Man vs. elk

By |  May 3, 2018 0 Comments

Capillary Concrete installation in progress on Forest Highlands GC’s No. 3 fairway bunker.

A mature elk weighs more than 700 pounds. Imagine that stomping around in your bunkers every day.

Drew Annan, CGCS at Forest Highlands Golf Club, Flagstaff, Ariz., doesn’t have to imagine it. He’s seen it just about every day since he started at the club 30 years ago.

“I saw 28 of them this morning,” Annan groans. “Elk are the real problem here. They stand in the bunkers and they feed on the capes so they don’t have to bend over as far to eat. It’s the damnedest thing.”
One man’s bunker, apparently, is an elk’s buffet.

The elk at Forest Highlands have done a number on the bunkers over the years. No bunker liners were installed when the course opened in 1988. The heavy hooves of the animals churn up the clay into the sand, resulting in severe contamination. Annan tried his best to combat the situation.
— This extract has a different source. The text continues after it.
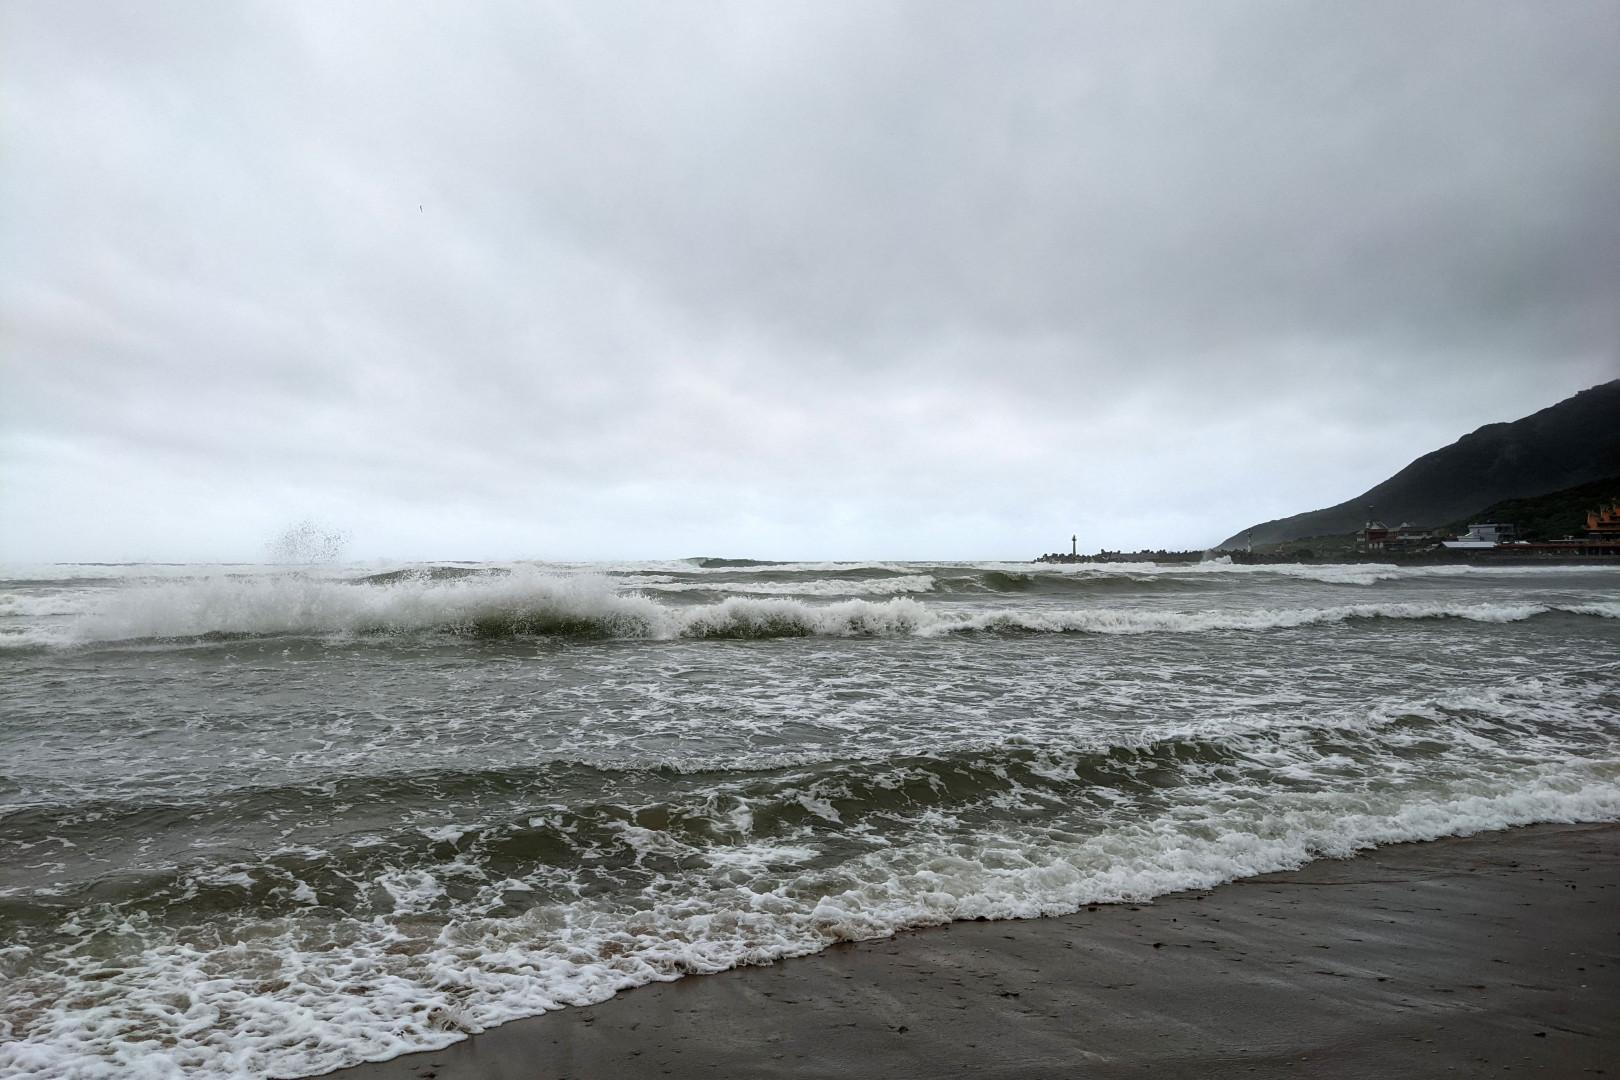 【觀點】張景泓/南澳海蝕洞受困事件:氣象判讀與沙灘行車技巧

“We took the bunkers that had been impacted the most and we tried a soil stabilizer and we tried a textile liner,” Annan says. “Over time, the textile liners failed miserably. They start to float to the surface… sand would filter through them. We couldn’t consider them a long-term solution.”

Tom Weiskopf, who built the course with Jay Morrish, told Annan about the positive experience he had with Capillary Concrete at Torrey Pines.

“I heard that Capillary Concrete did well from a frost/heave standpoint,” Annan says. “I went with them, based on the recommendation from the mountain guys in the area and from Weiskopf.”

Last fall, 41 bunkers got the Capillary Concrete treatment at the course. Annan says the installation process was smooth. Ted Fist, head of U.S. business operations for Capillary Concrete, was on site to monitor and train the crew on the first couple bunkers before cutting them loose. A local concrete company maintained the necessary specs of the material, and with the “terrific work” of DHR Construction, they were off to work.

Bill Abbey, superintendent of Forest Highlands GC’s Canyon Course, puts the final touches on the No. 12 greens bunker.

“You measure it, throw it in the back of a Workman, drive it out and shovel it into place,” Annan says. “You roll it with a paint roller to put the finish on top. By the next morning you can walk all over it.”

Though there has been no play on the bunkers since installation (the course has been closed for the winter), Annan loves what he sees so far.

“We’ve moved some sand around in the bottom of the bunkers to inspect the Capillary Concrete,” Annan says. “We’ve had a pretty good amount of freezing and thawing this year. And I’ll tell you, it’s damn near perfect. I could not find anything like little rocks that chipped off. It looks great. And I can take a 1-inch hose at 60 psi, and I can’t move water on these bunkers — it sucks it right on in.”

That’s a good thing, too, because the elk aren’t going to give him a break any time soon.

“We run them off when we see them, we yell at them, we throw a golf ball at them,” Annan says of the beasts. “But there’s nothing you can do about them at night. You can tell they’ve been lying in there all night. But the members love seeing them around, so we don’t do anything to discourage having them around. They’re a nuisance animal with a mesmeric value.”